А симптомы, симптомы лезли в голову и напирали выстроиться в худший из рядов…

— Я не говорю, что все лечение полностью надо сделать платным. Но первичное — обязательно. А уж когда определено больному ложиться в клинику и к аппаратам — там справедливо бесплатное. Да и то вот в вашей клинике: почему два хирурга оперируют, а трое в рот им смотрят? Потому что зарплата им идёт, о чём беспокоиться? А если б деньги от пациентов да ни один пациент бы к ним не пошёл — забегал бы ваш Халмухамедов! Или Пантехина. Тем или иным способом, Людочка, но врач должен зависеть от впечатления, производимого им на больных. От своей популярности.

— Ну, не дай Бог ото всех зависеть! От какой-нибудь скандалистки…

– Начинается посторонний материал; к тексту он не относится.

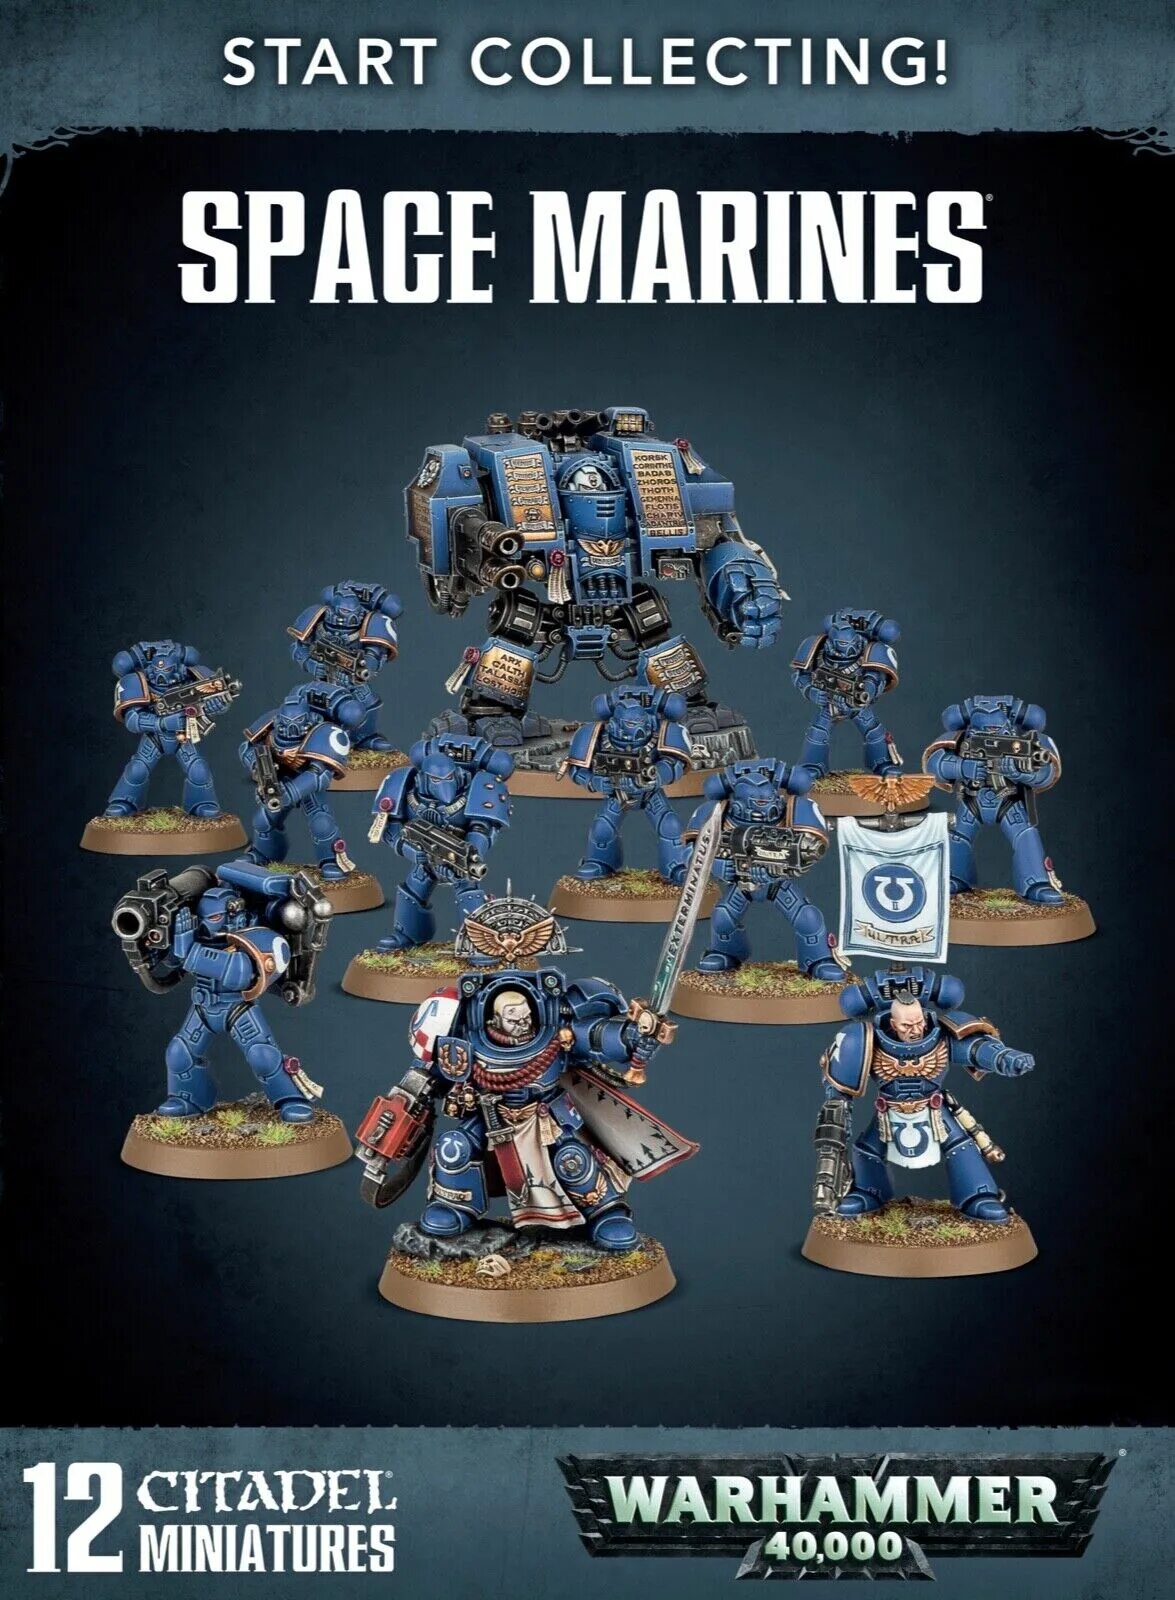 Start collection. Warhammer 40k start collecting Space Marines. Start collecting Космодесант. Warhammer 40k Chaos Space Marines start collecting. Start collecting! Vanguard Space Marines.

— А от главврача зависеть — почему лучше? А из кассы получать как чиновник — почему честней?

— А дотошные есть, замучают тебя теоретическими вопросами, так на все отвечай?

— Да. И на все отвечай.

— Да когда ж все успеть! — возмутилась и оживилась к разговору Донцова. Ему хорошо тут в домашних туфлях расхаживать по комнате. — Вы представляете, какие сейчас темпы в лечебных учреждениях? Вы таких не застали.

Видел Орещенков по усталому заморганному лицу Людмилы Афанасьевны, что отвлекающий разговор не оказался ей полезен. Тут ещё открылась дверь с веранды и вошёл — вошёл будто пёс, но такой крупный, тёплый и невероятный, как человек, зачем-то ставший на четыре ноги. Людмила Афанасьевна хотела испугаться, не укусит ли, но как разумного человека с печальными глазами его невозможно было пугаться.

Он шёл по комнате мягко, даже задумчиво, не предвидя, что здесь кто-то может удивиться его входу. На один только раз, выражая входную фразу, он поднял пышную белую метлу хвоста, мотнул ею в воздухе и опустил. Кроме чёрных висячих ушей весь он был рыже-белый, и два этих цвета сложным узором перемежались в его шерсти: на спину ему как бы положили белую попону, бока были ярко-рыжие, а зад даже апельсиновый. Правда, он подошёл к Людмиле Афанасьевне и понюхал её колени, но все это очень ненавязчиво. И не сел близ стола на свой апельсиновый зад, как ожидалось бы от всякой собаки, и не выразил какого-либо интереса к еде на поверхности стола, лишь немного превышающего верх его головы, а так на четырёх лапах и остался, круглыми сочно коричневыми глазищами смотря повыше стола с трансцендентной отреченностью.